The company currently ranks 6th (according to IQVIA TSA AUGUST 2023 MAT) in the Indian pharmaceutical market and is the largest privately held Indian generics company. While Intas is a leader in key therapeutic segments such as CNS, cardiovascular, diabetology, plasma therapy, cell and gene therapy, gastroenterology, urology and oncology in India, the company is prominent in the EU and US for its product range in oncology and other hospital-based therapeutic segments.
Intas’ success and growth is a direct influence of Intas’ extensive R&D and manufacturing capabilities.
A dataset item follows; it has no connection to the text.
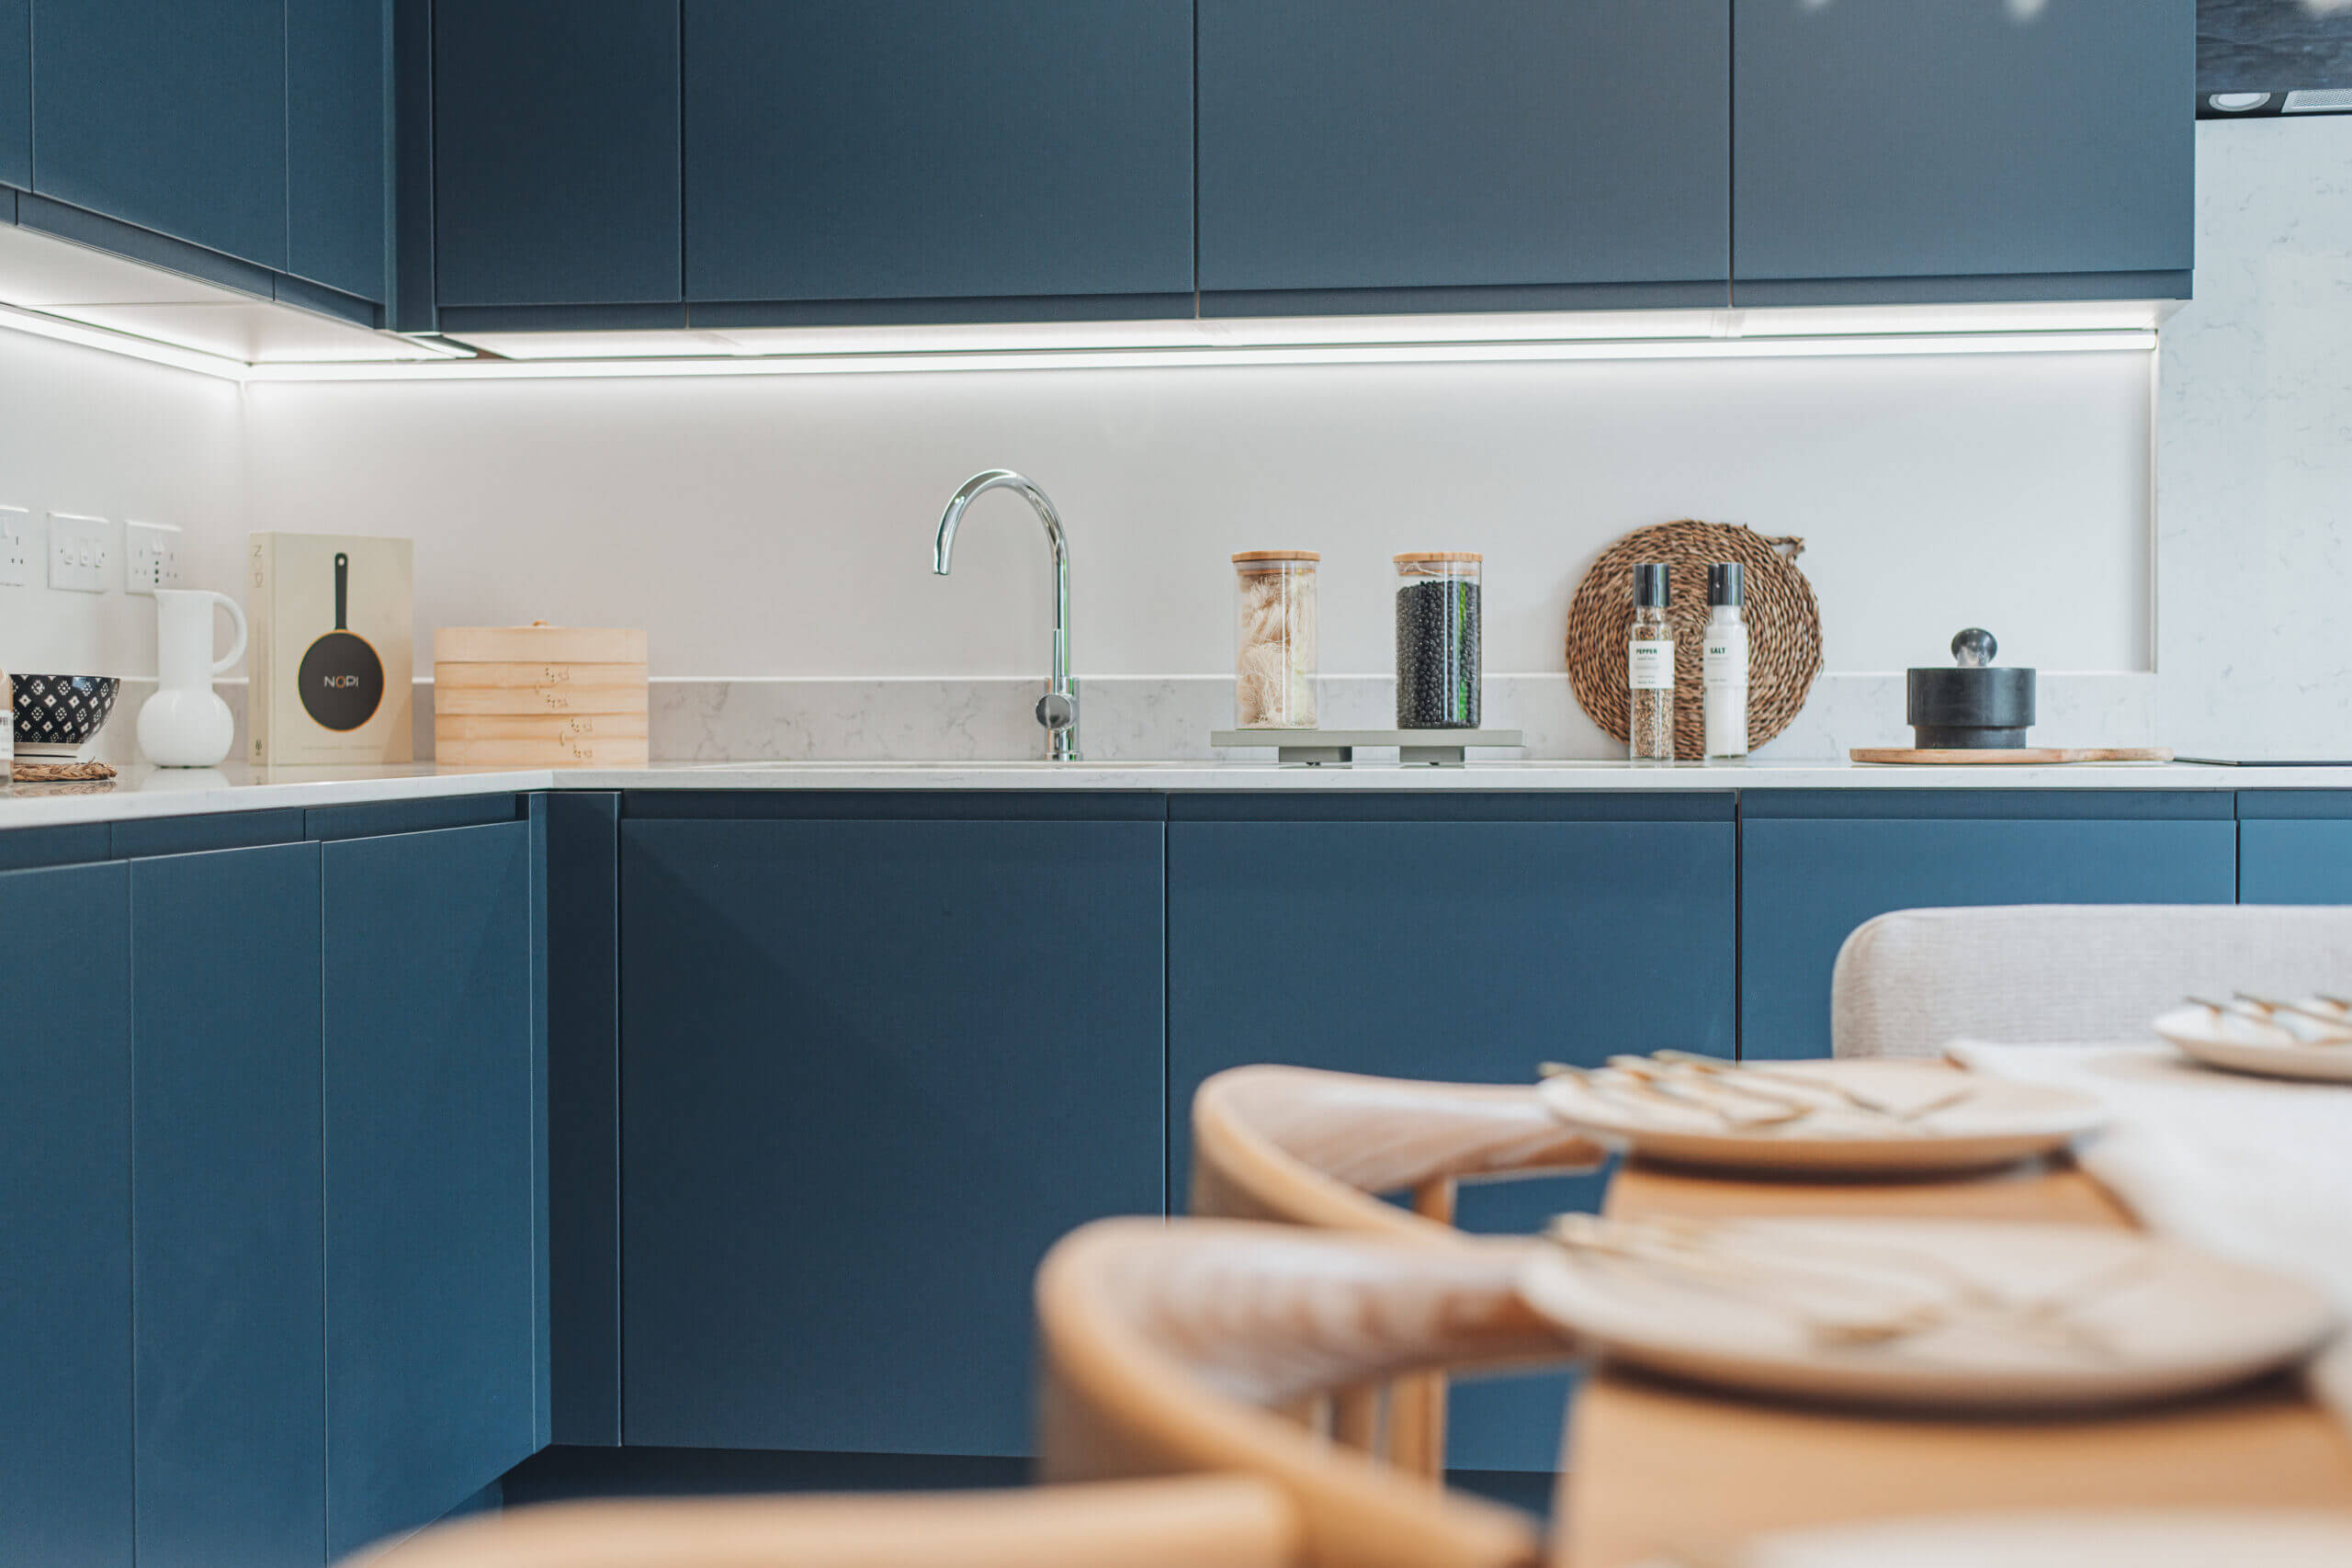 Flexible, modern kitchen built for family living

Intas operates sixteen formulation manufacturing facilities, eleven of which are located in India and the remaining in the UK, Greece and Mexico. The facilities are accredited by leading global regulatory bodies such as the US FDA, EMA, MHRA, TGA and others. Every year the company invests 6 to 7% of its sales in research and development. Currently, Intas has more than 10,000 product registrations worldwide and a strategic pipeline of more than 300 high-quality FTF/FTM, biosimilars and NDDS products.